Write out the full listing exactly as given, minus the images.

*** Opening of INFORMATION SUPPLIED ***

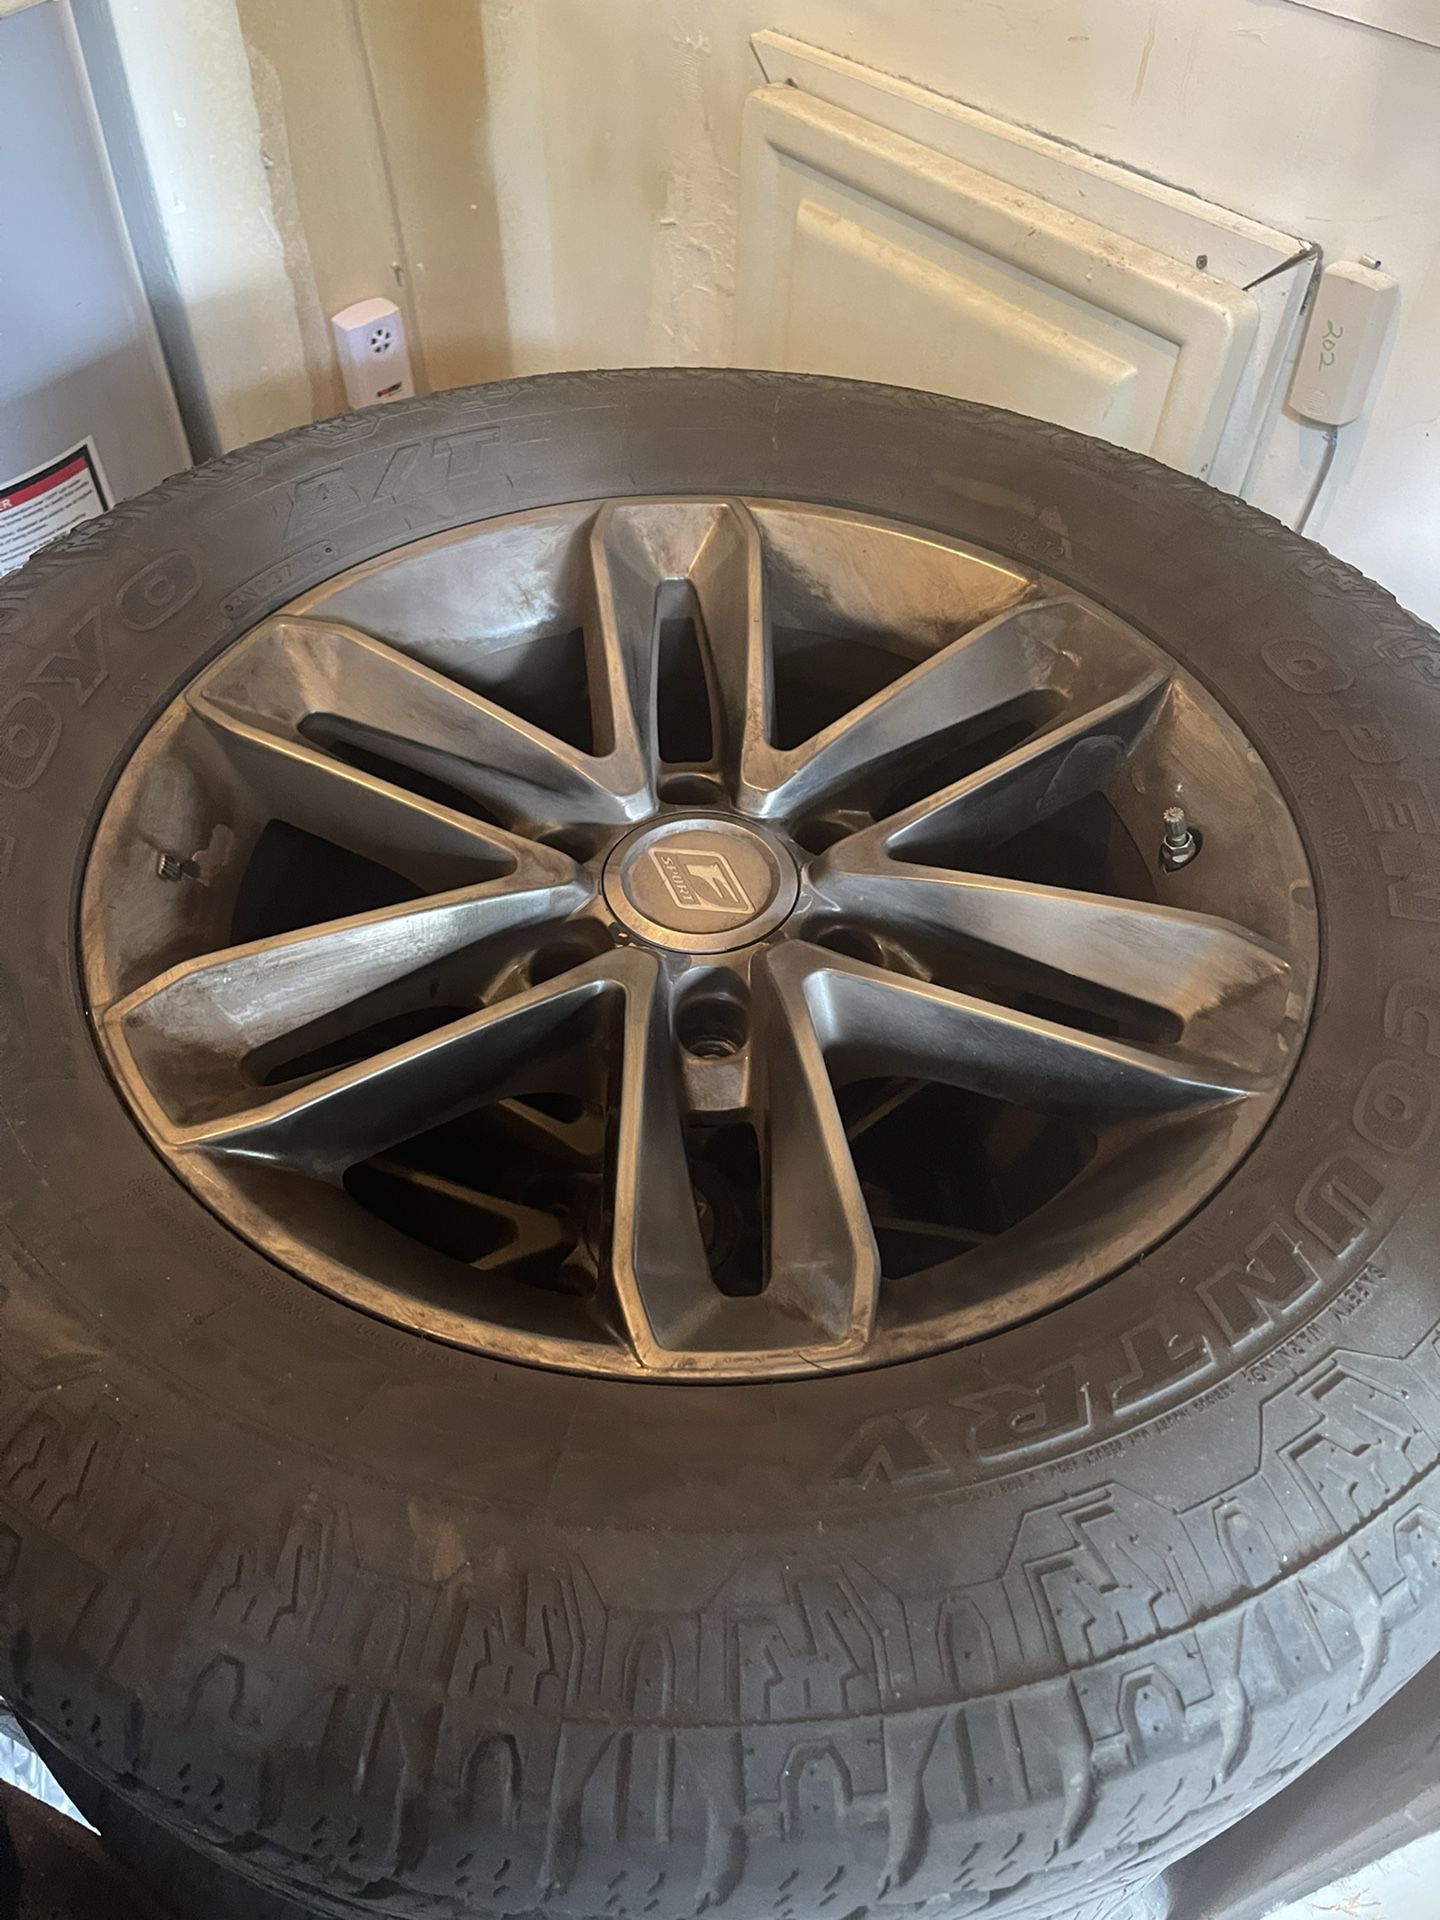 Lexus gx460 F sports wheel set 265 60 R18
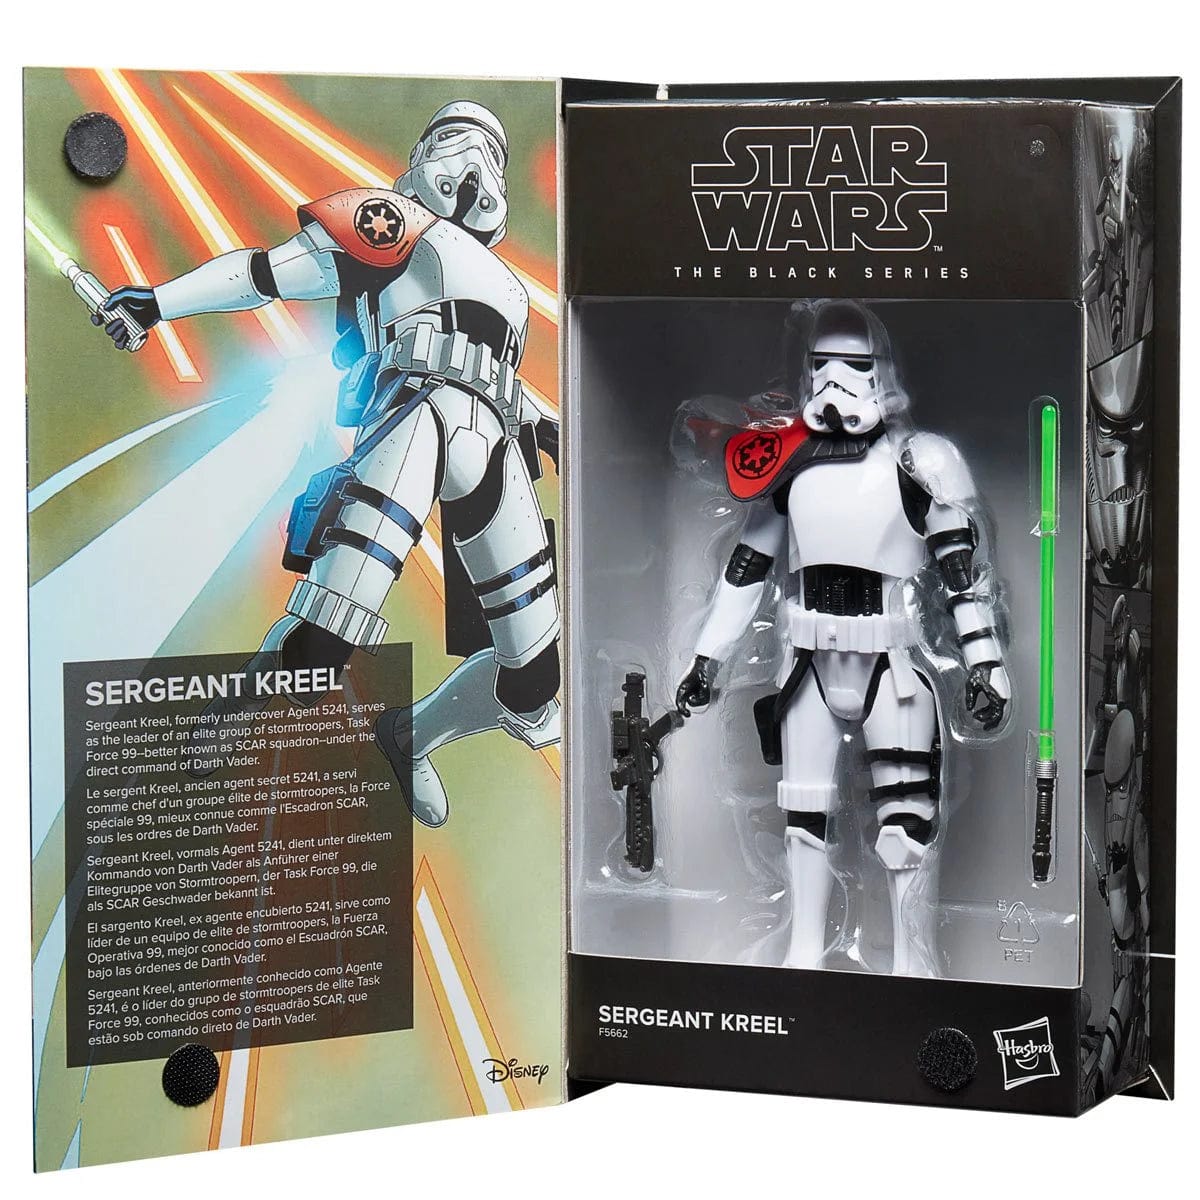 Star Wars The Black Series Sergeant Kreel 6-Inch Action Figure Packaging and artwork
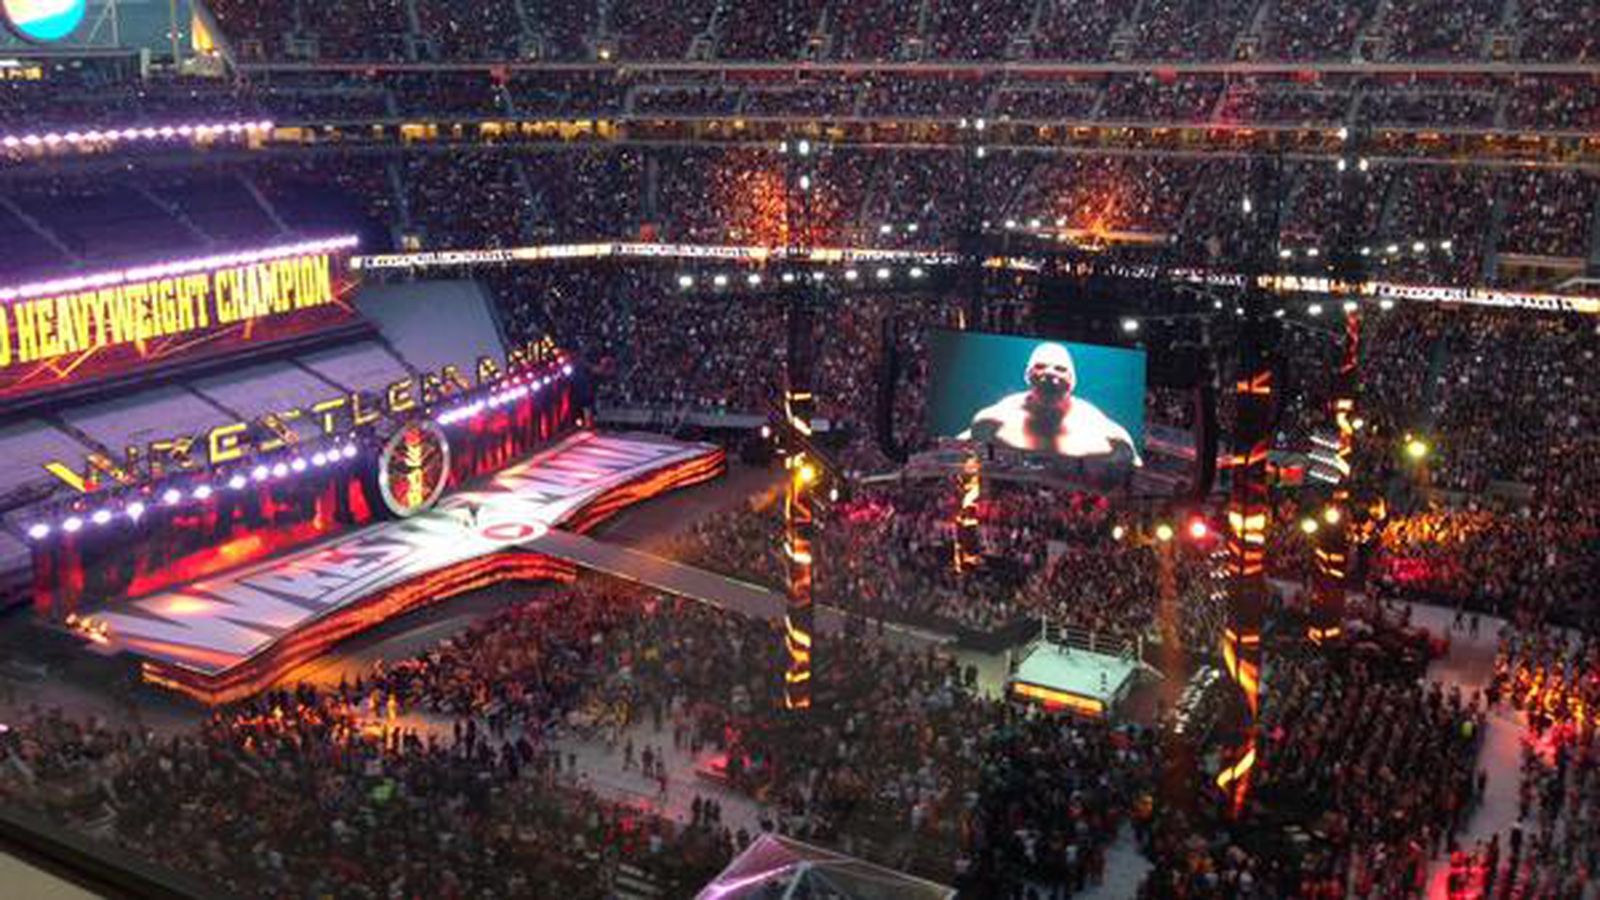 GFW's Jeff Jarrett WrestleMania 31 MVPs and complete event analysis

*** Close of INFORMATION SUPPLIED ***

EXERCISE OUTPUT:
 Lexus gx460 F sports wheel set 265 60 R18
 Star Wars The Black Series Sergeant Kreel 6-Inch Action Figure Packaging and artwork
 GFW's Jeff Jarrett WrestleMania 31 MVPs and complete event analysis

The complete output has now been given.